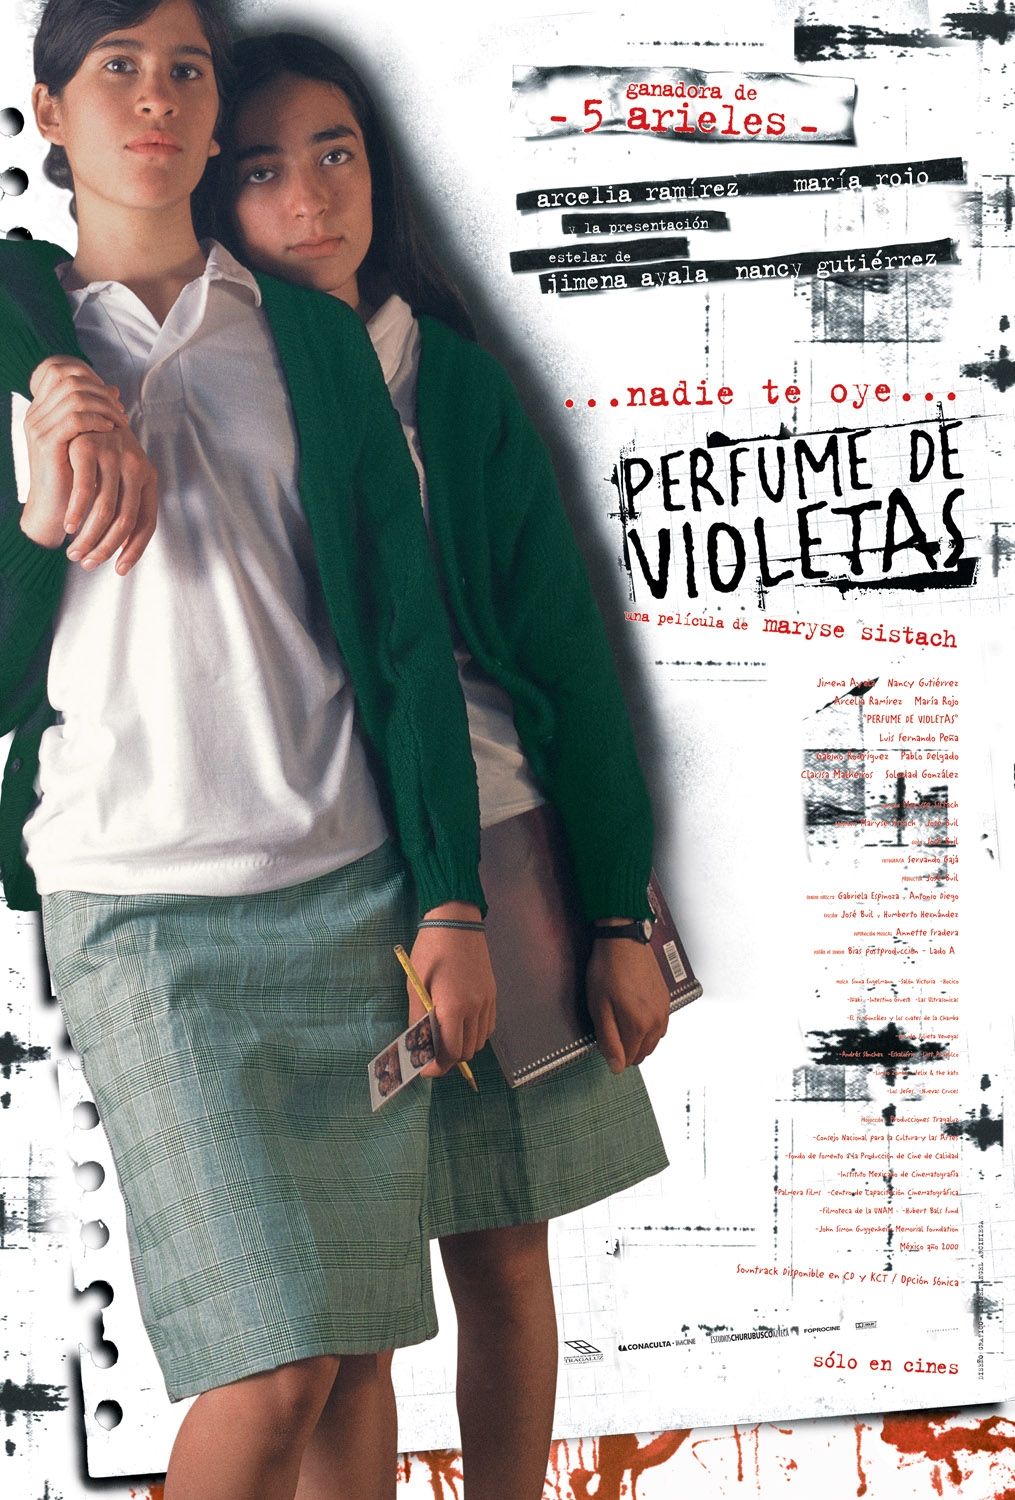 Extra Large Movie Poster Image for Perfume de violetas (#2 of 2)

◇ ◇ ◇ ◇ ◇

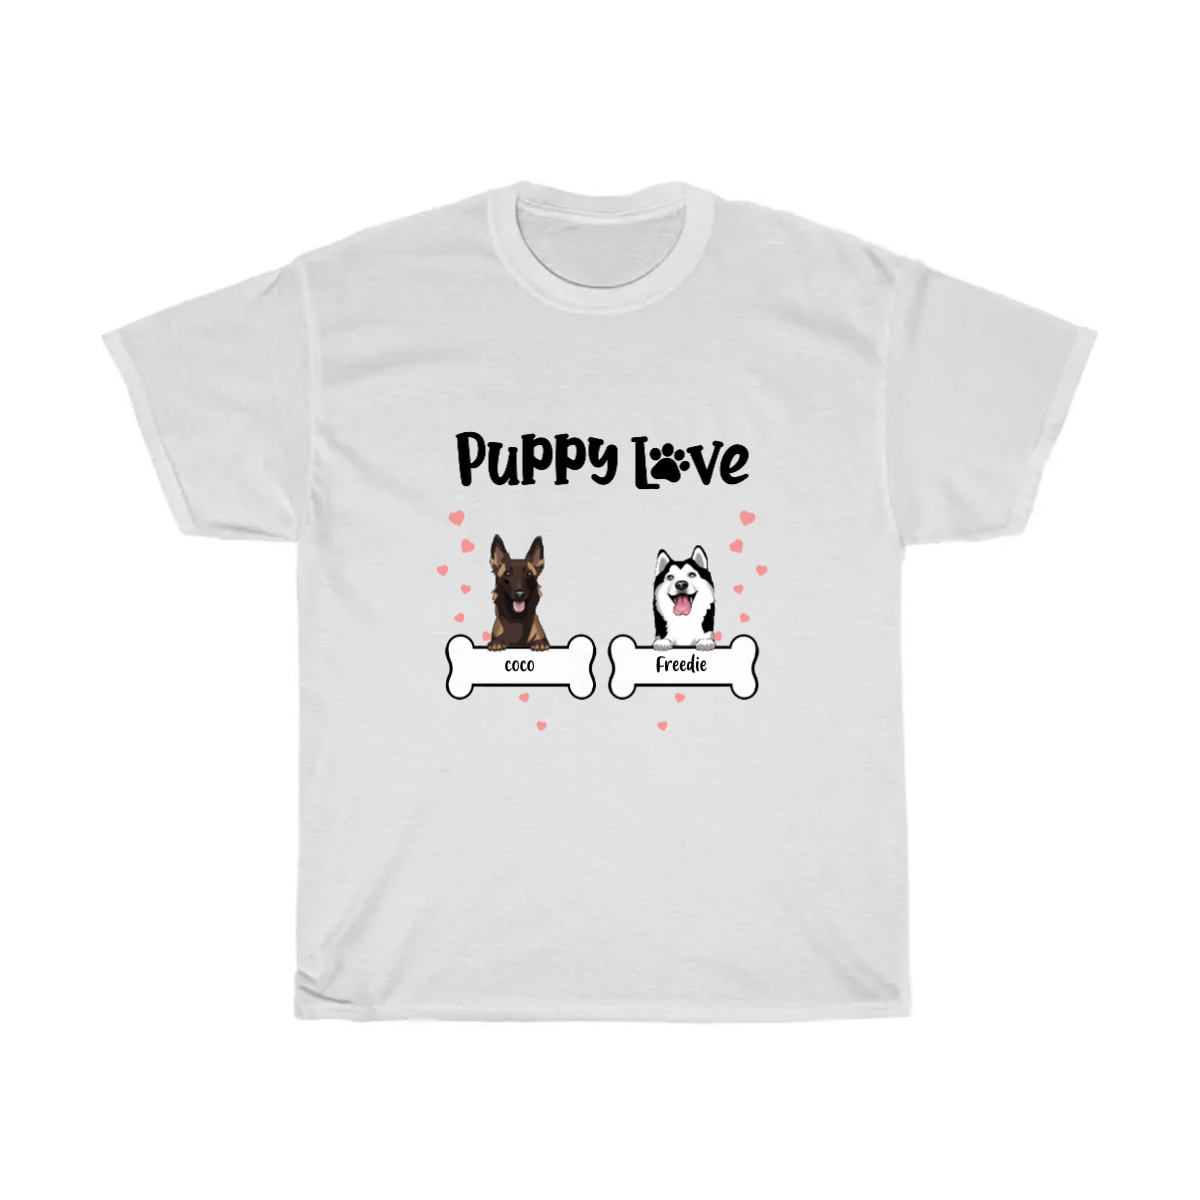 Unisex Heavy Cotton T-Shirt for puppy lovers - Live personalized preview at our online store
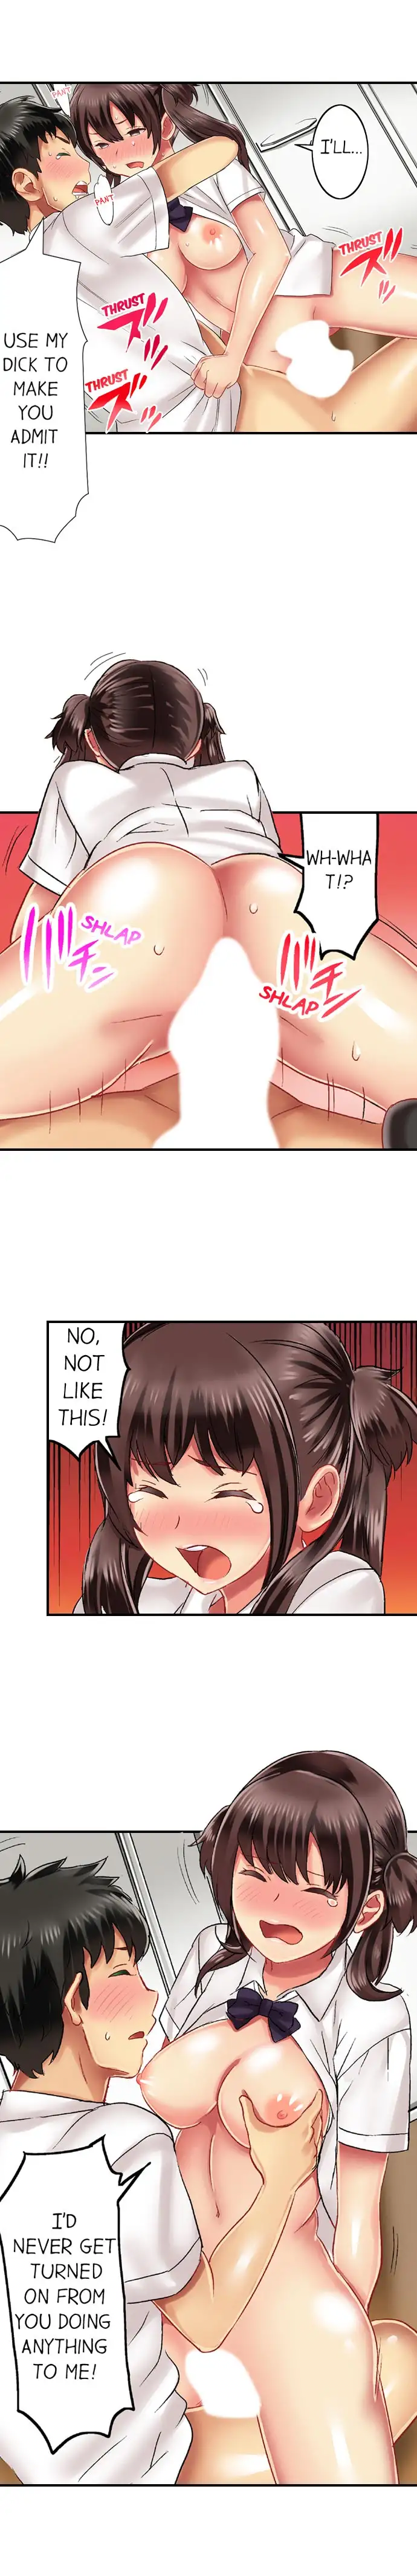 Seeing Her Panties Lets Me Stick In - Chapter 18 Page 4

◇ ◇ ◇ ◇ ◇

Going back to the data above, write out everything from the line with "Unisex Heavy Cotton" down to the line with "Seeing Her Panties", both included, leaving every picture out.

 Unisex Heavy Cotton T-Shirt for puppy lovers - Live personalized preview at our online store
 Seeing Her Panties Lets Me Stick In - Chapter 18 Page 4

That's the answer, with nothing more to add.